Les coupables

Posté par Nico dans Voir - 15 septembre 2022 13:45

Ils sont beaux mais leur plaisir à être là et ensemble est déjà gâché. Il le sera toujours. Ils sont beaux et ils feignent un naturel qui n'existera jamais. Ils sont beaux mais ils n'ont pas d'existence et n'en auront jamais. C'est un couple qui n'existe pas, mais trouve aussi son plaisir à ignorer ce préalable. Elle a déjà "une vie". Établie. Belle. Une "vraie". Des enfants, grands, un travail, un mari. Une vie dans laquelle il y a très peu d'espace pour lui, en face d'elle en ce moment, encore si jeune, si excitant, avec sa vie, belle aussi. Excitant comme tout ce temps volé, arraché à sa raison autant qu'à son emploi du temps. Arraché avec les ongles, avec les dents.
Ils sont beaux, mais ils n'existent pas.

Parce qu'elle a envie que ce soit ainsi. Lui aussi. Sentir brûler la peau. Elle veut être cette héroïne, qui se donne ce temps, ce plaisir, ce hiatus là entre tout le bonheur que lui ordonne sa "vie". Sans y croire non plus, mais il sera toujours temps, plus tard, de l'admettre. Il y aura des désirs d'aller plus loin encore, mais elle les refrénera toujours. Elle ignore pourquoi. Mais au moment où la raison s'immiscera, où des évidences affleureront, elle ne fera pas le choix de lui, là, en face d'elle en ce moment. Cette évidence. Un noyau noir. Ce choix.

Il y a un conflit. Une dialectique impossible à laquelle elle ne veut de toute façon pas réfléchir présentement. Ses yeux à lui  disent la même chose. C'est impossible mais on le réfute. Ils n'entendent pas. Elle veut consommer son bonheur d'être ici et maintenant avec lui. Si particulier. Si singulier. Lui qui la fait briller, et qu'elle trouve brillant. Avec lui, elle ne se sent pas spécialement belle. Elle se sent entière. Incroyablement forte et riche. Elle croit. Elle sait. Elle a tout reçu de lui. Elle lui a tout donné. Elle s'étonne parfois des propositions qu'ils se font. Des chemins qu'ils se proposent. Des lieux qu'ils habitent, des libertés qu'ils se donnent. Ils partagent un coffre sur une île au trésor. Presque tout, en somme. Sauf un projet. Un avenir. Il est un pas qui ne se fera pas.
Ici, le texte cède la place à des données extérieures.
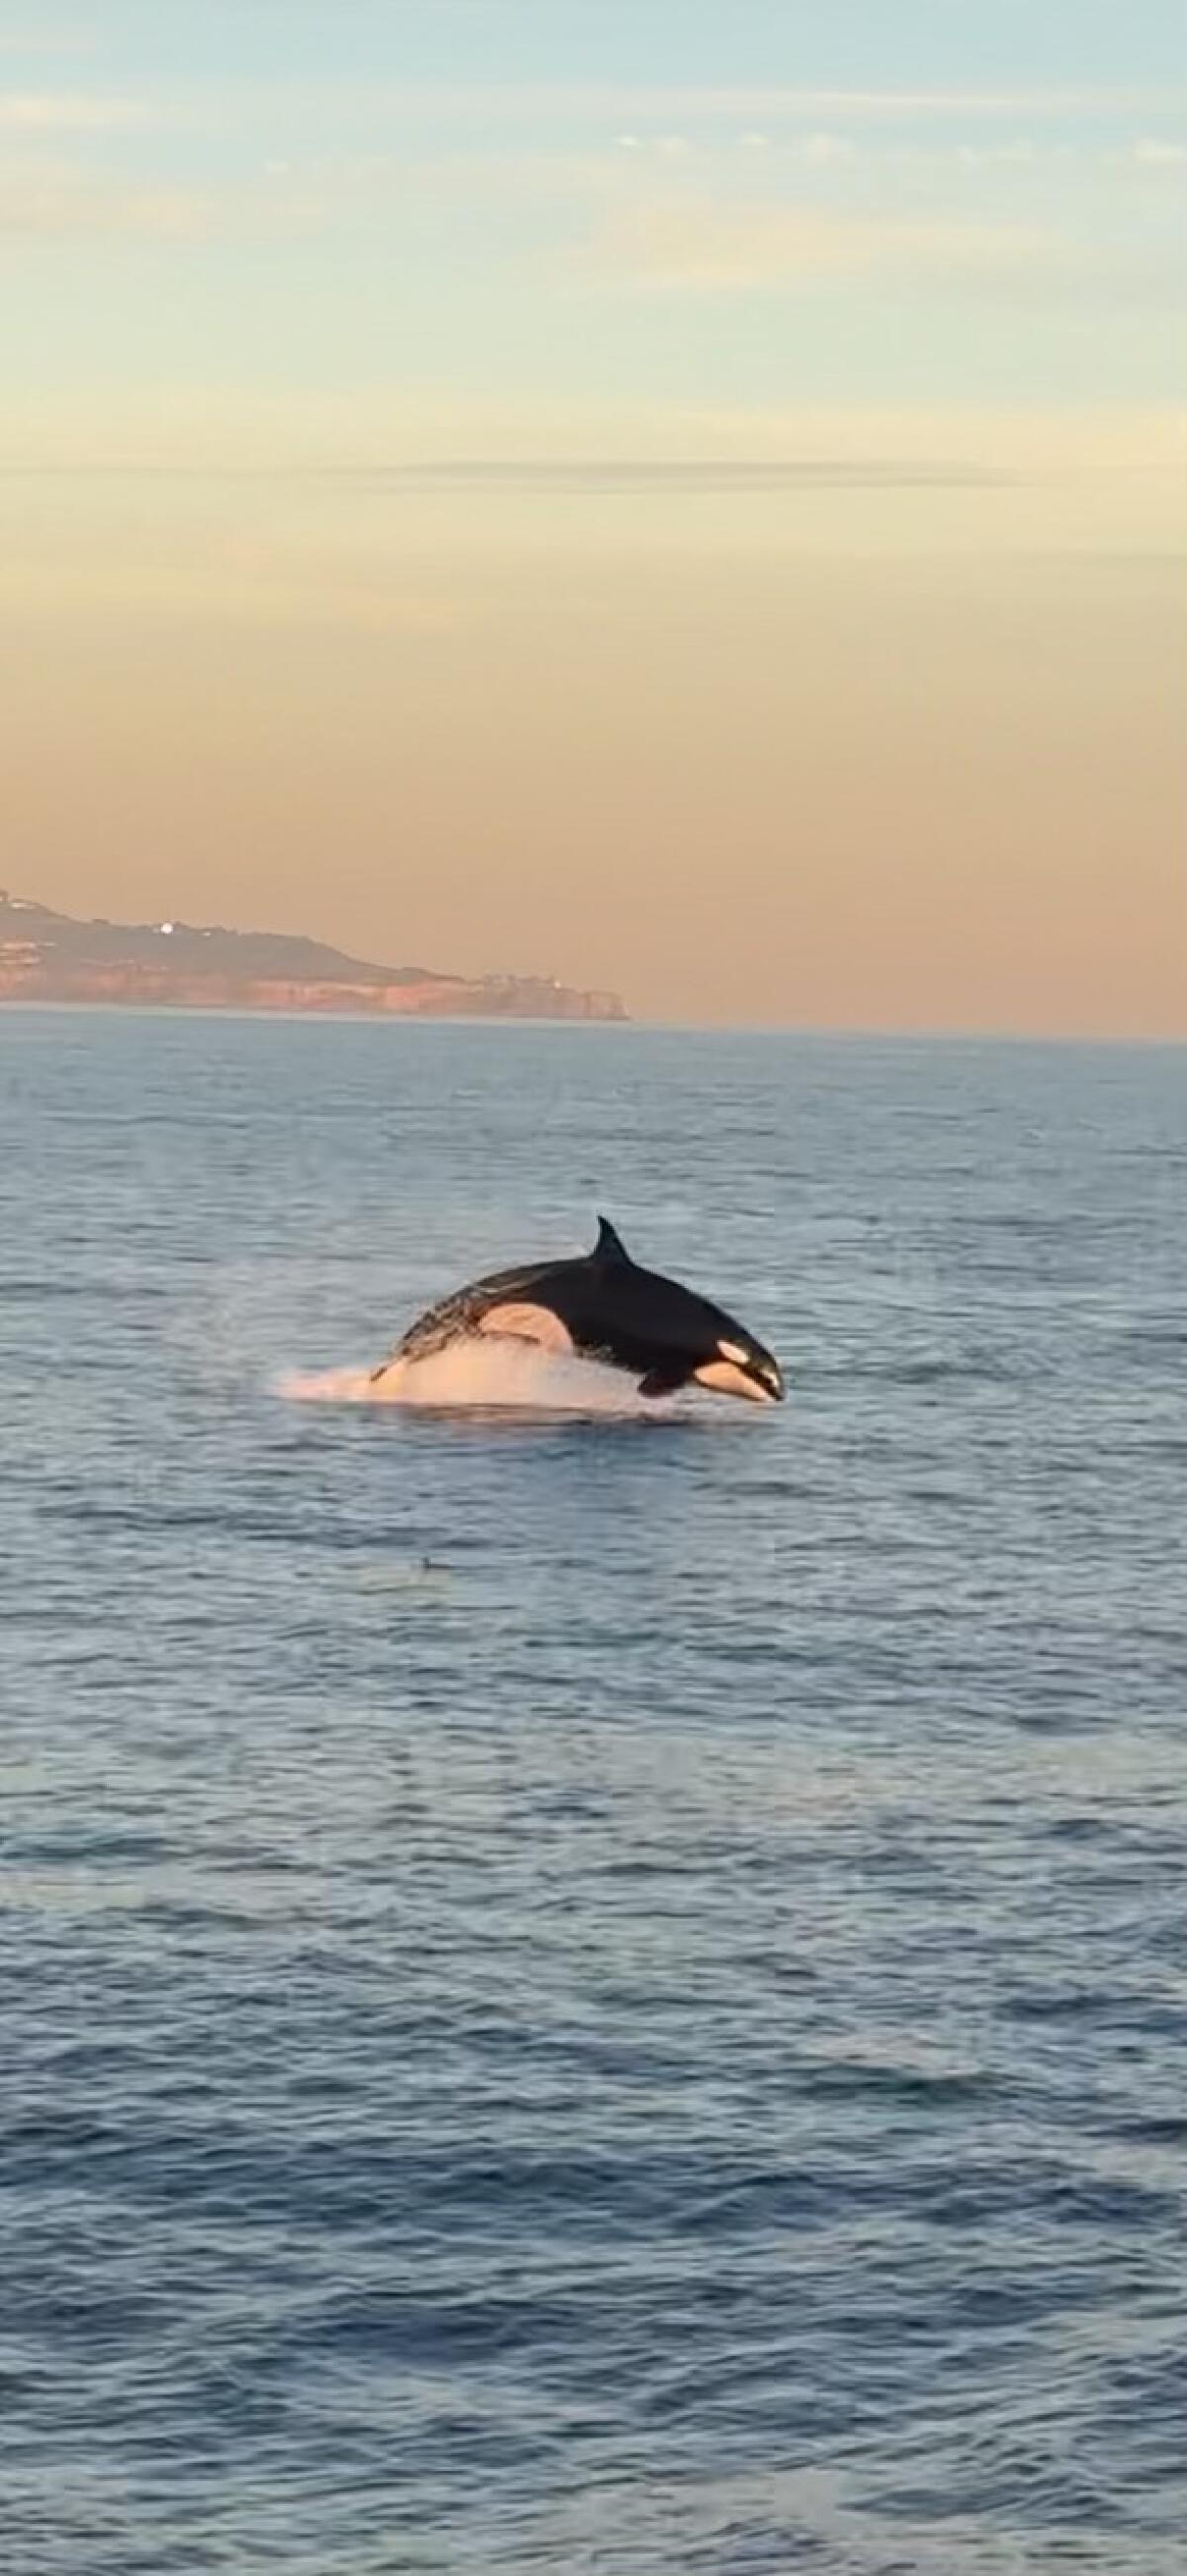 An orca is photographed near Palos Verdes Peninsula on Dec. 11. It's believed they're native to Mexico and Central America.

Ils sont fous amoureux. C'est une évidence. Mais le malaise poins dès qu'ils quittent la terrasse pour la salle du bar. Ils ne seront tranquilles que dans la solitude. Un pas brièvement retenu. Une indicible angoisse. Le recoin isolé pour la densité populeuse. Un secret qui se révèle. Ils se détachent imperceptiblement. Elle feint la détente tandis qu'elle regarde autour d'elle. Un regard scrutateur. il va vers le bar sans lui demander ce qu'elle prendra. Au milieu du monde, ne pas lui parler. Ou à minima. Un regard. Pas trop familier non plus. Un geste. Devant tous ces gens. La peur d'être repérés.

Mille fois ils tenteront une vie normale, cachée dans les interstice d'une autre vie normale. Chaque fois la peur les reprendra. Mille visages de peur. De soi, d'être à la hauteur de cet autre que je vois si peu, la peur de l'autre, ses agacements, sa lassitude, ses mots. Les évidences et les paradoxes : elle que je connais si bien, elle que je connais si peu, elle que je ne connaîtrai jamais plus ni jamais mieux, et qui me connait tellement mieux que moi-même. La peur de briser ce qu'on a patiemment bâti et dont on est tellement fier. La volonté pourtant de se donner le droit d'être cet "un peu plus encore", de réussir à lui trouver un monde, un contenu, une dignité. 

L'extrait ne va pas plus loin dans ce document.